● Task to complete:
Please restate each line of the data that follows word for word, skipping any image.

● Provided material:

# # # # #

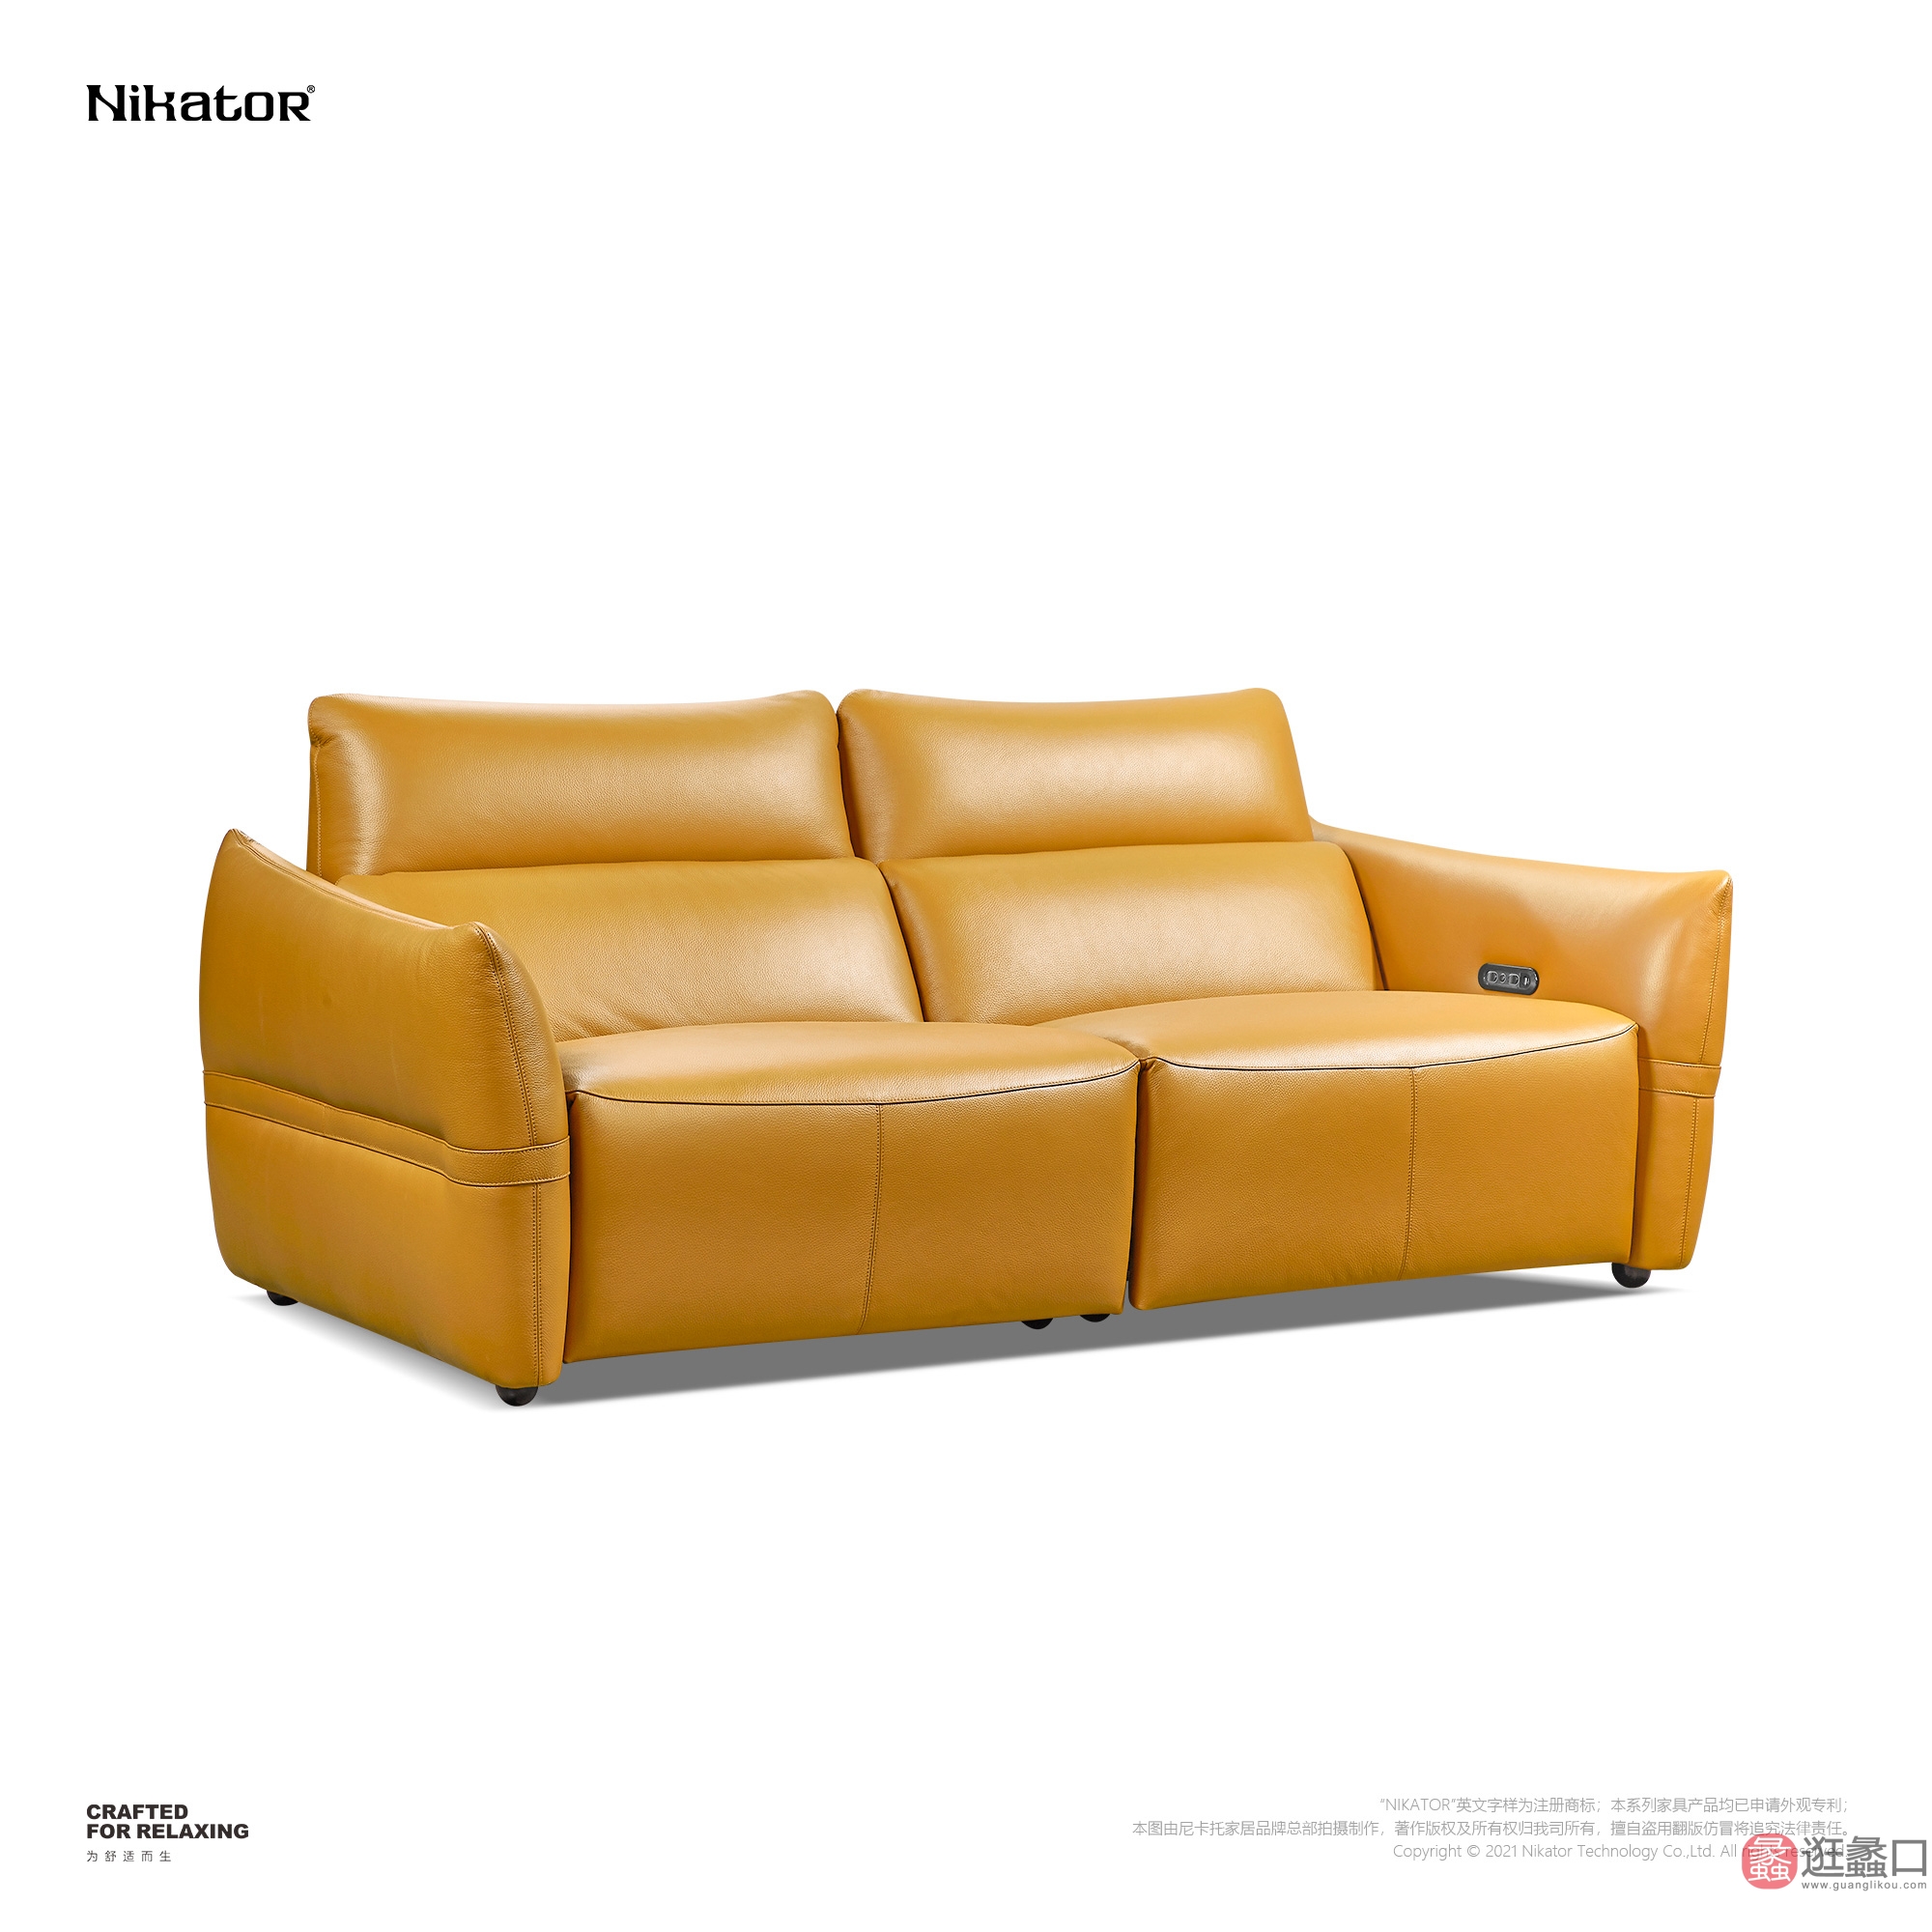 NIKATOR｜尼卡托家具客厅现代简约真皮沙发两人位直排沙发黄色设计师款NIKATOR004
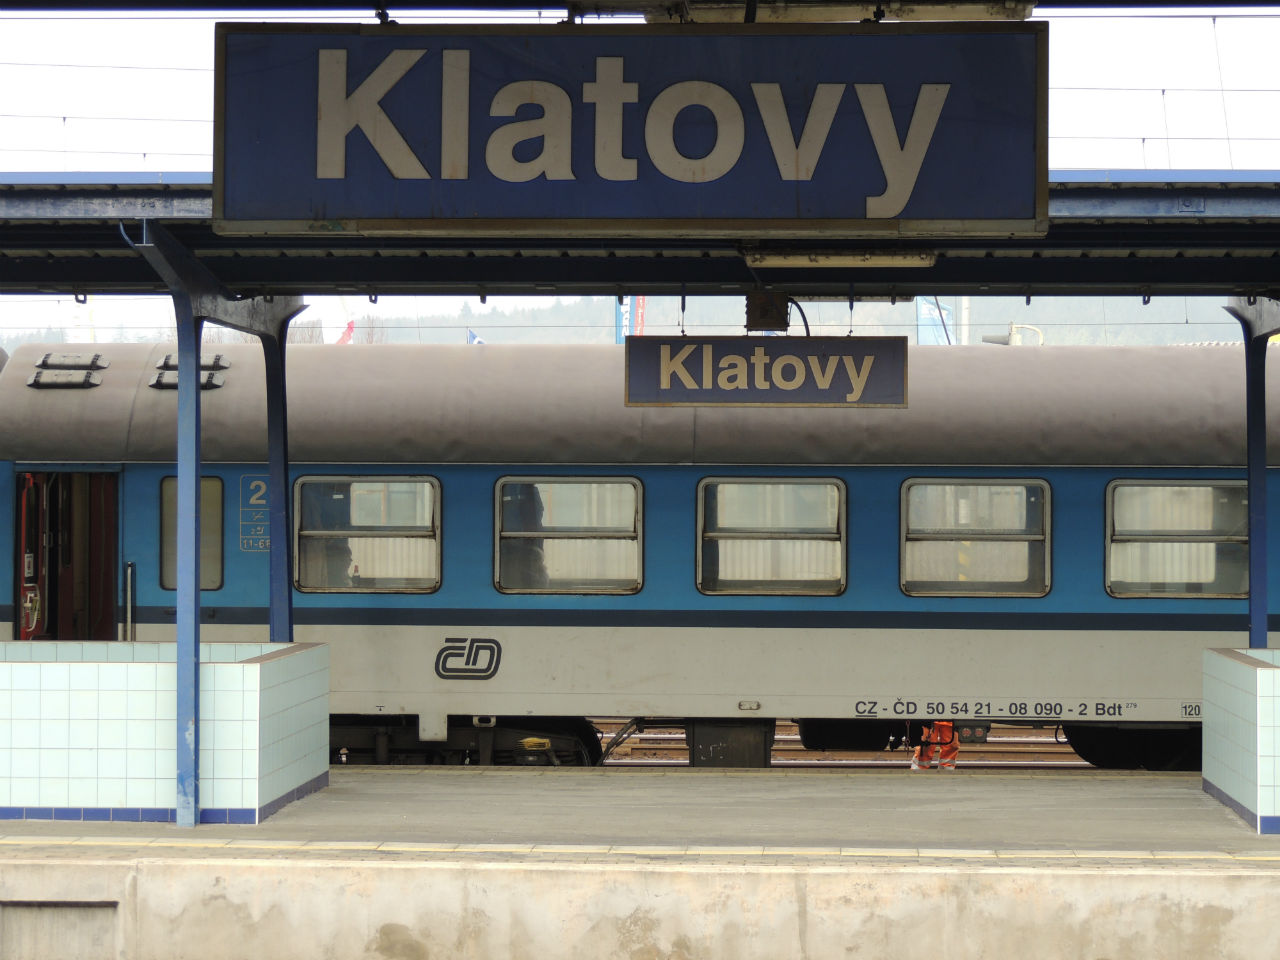 Klatovy állomáson cserélték a Plehácsot Búvárra – itt még ködös, szürke időjárás volt... (a képre kattintva galéria nyílik a szerző fotóiból)
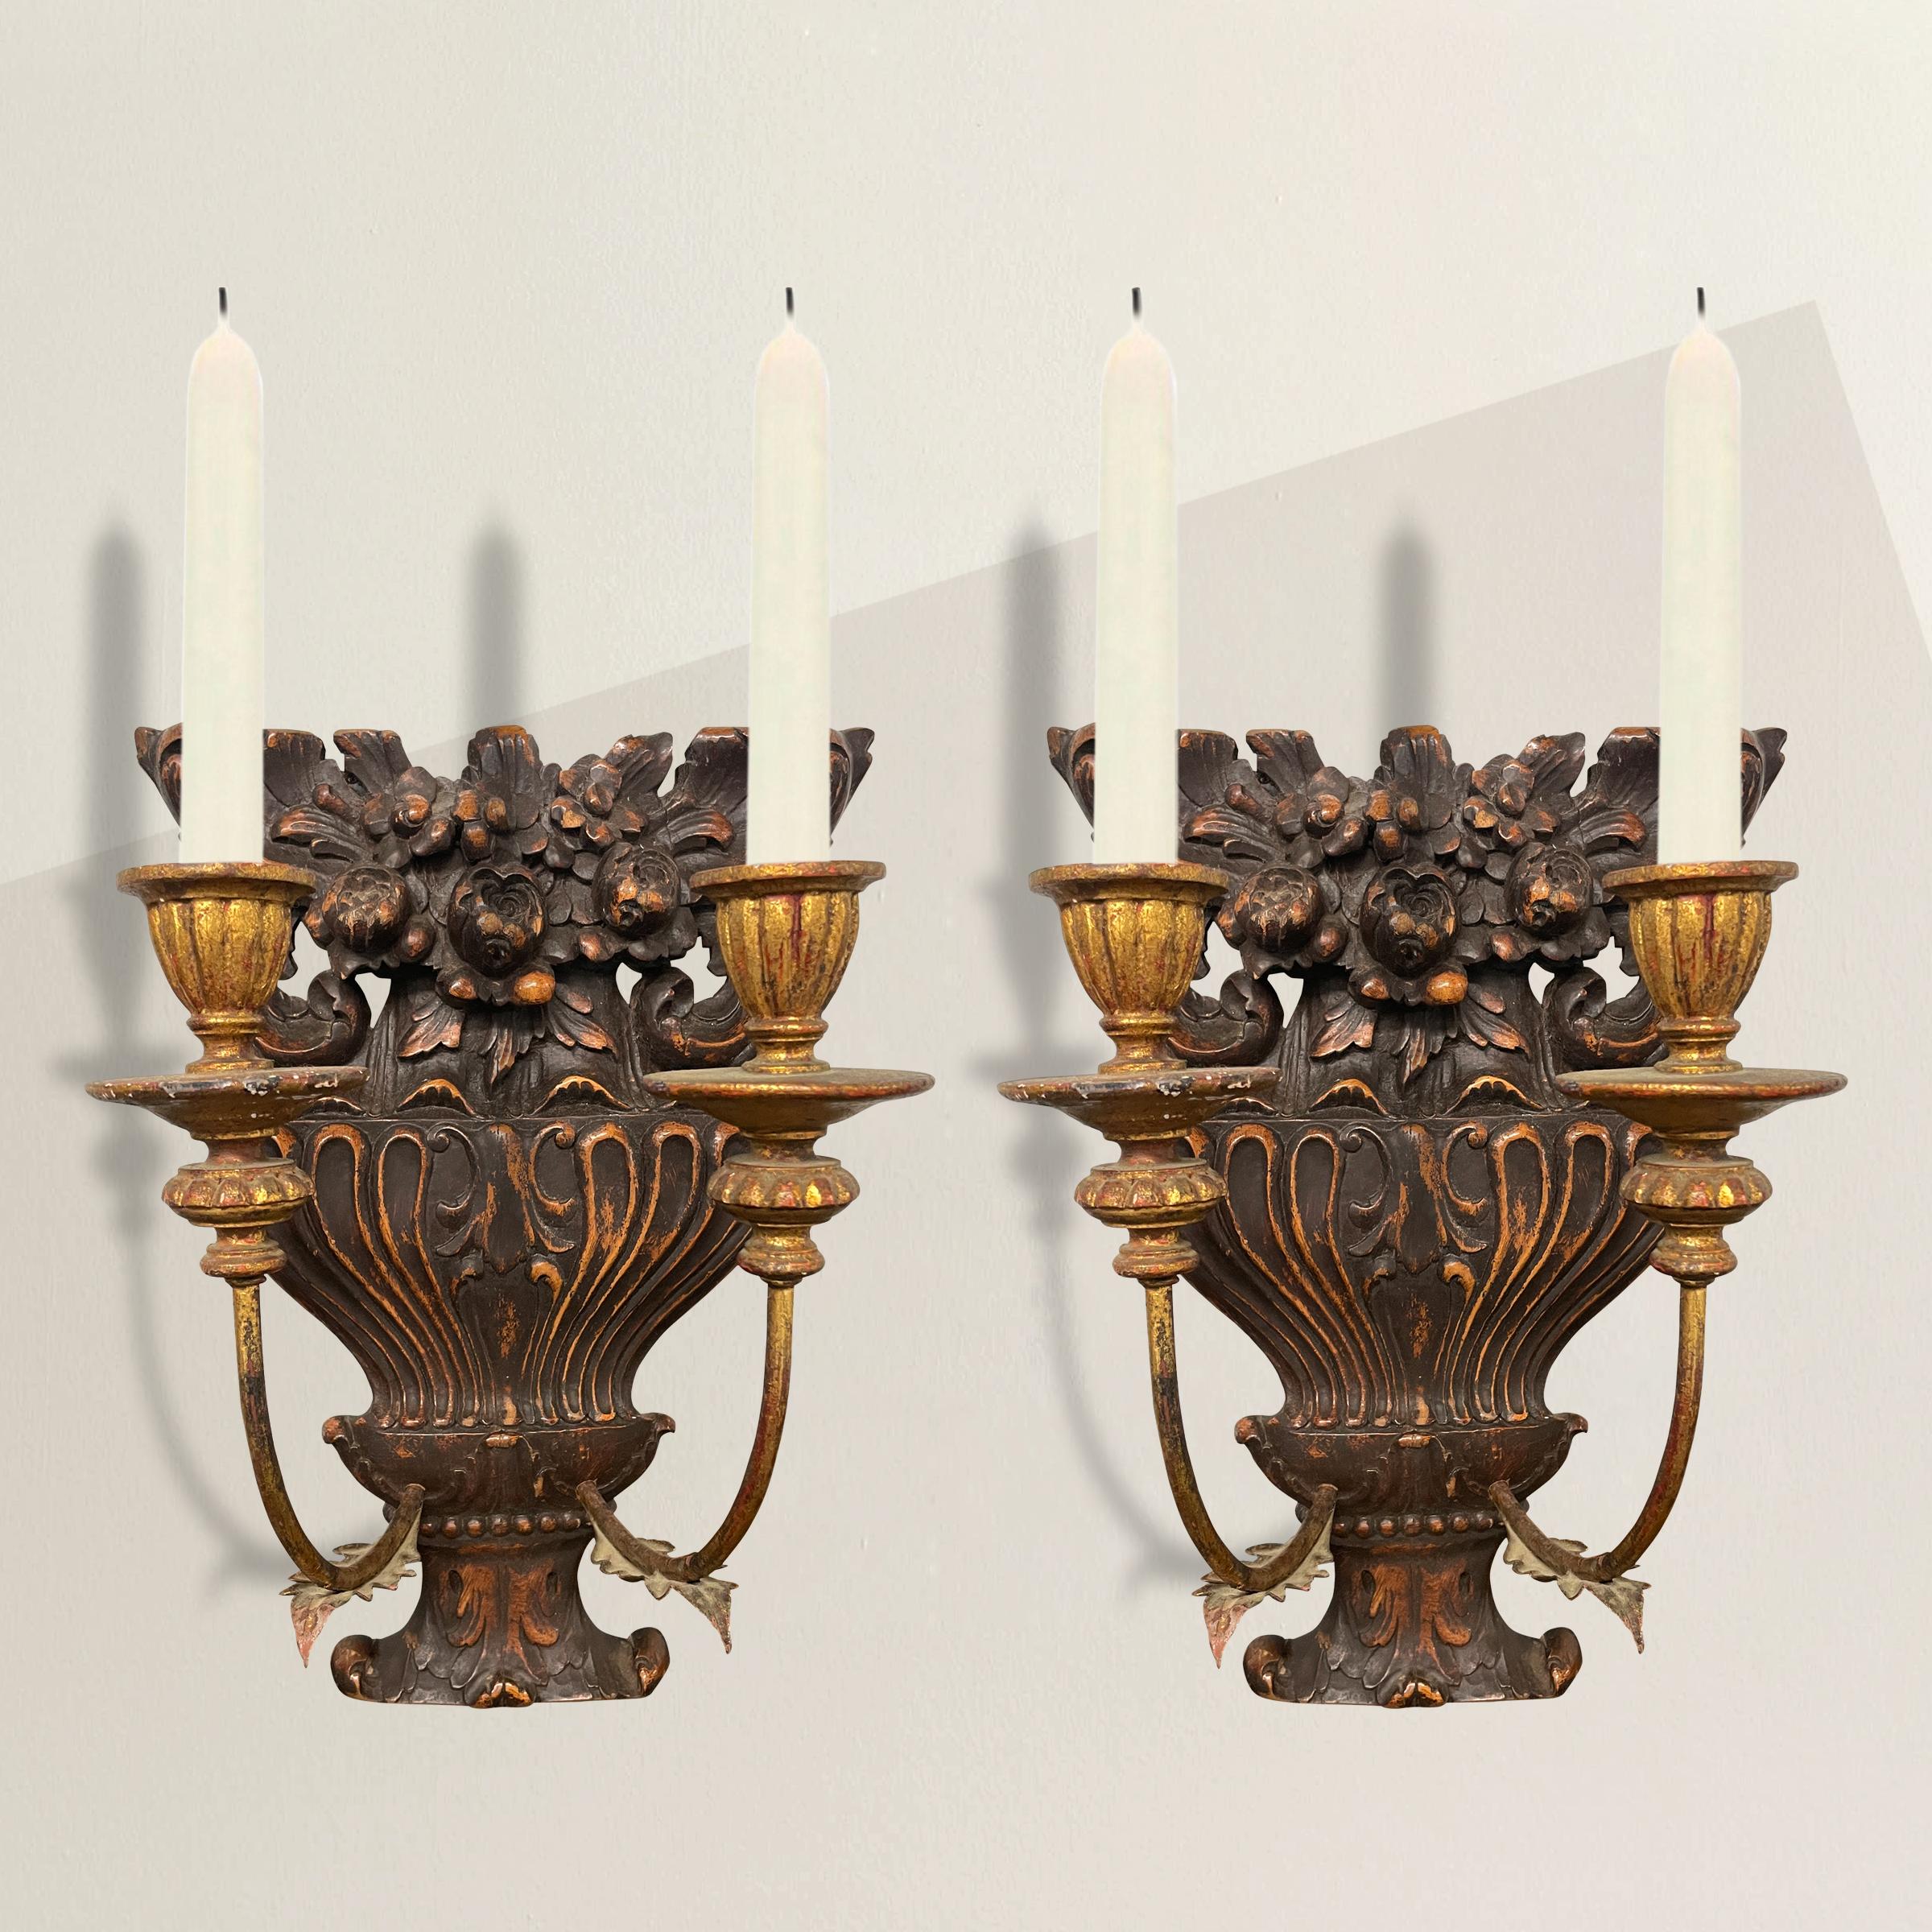 Ein bezauberndes Paar französischer Kerzenleuchter aus der Mitte des 19. Jahrhunderts mit geschnitzten, blumengeschmückten Urnenplatten und vergoldeten Metall- und Holzarmen. Die Wandleuchten können gegen eine zusätzliche Gebühr elektrifiziert

# # # # #

● Your solution:
 NIKATOR｜尼卡托家具客厅现代简约真皮沙发两人位直排沙发黄色设计师款NIKATOR004
 Klatovy állomáson cserélték a Plehácsot Búvárra – itt még ködös, szürke időjárás volt... (a képre kattintva galéria nyílik a szerző fotóiból)
 Ein bezauberndes Paar französischer Kerzenleuchter aus der Mitte des 19. Jahrhunderts mit geschnitzten, blumengeschmückten Urnenplatten und vergoldeten Metall- und Holzarmen. Die Wandleuchten können gegen eine zusätzliche Gebühr elektrifiziert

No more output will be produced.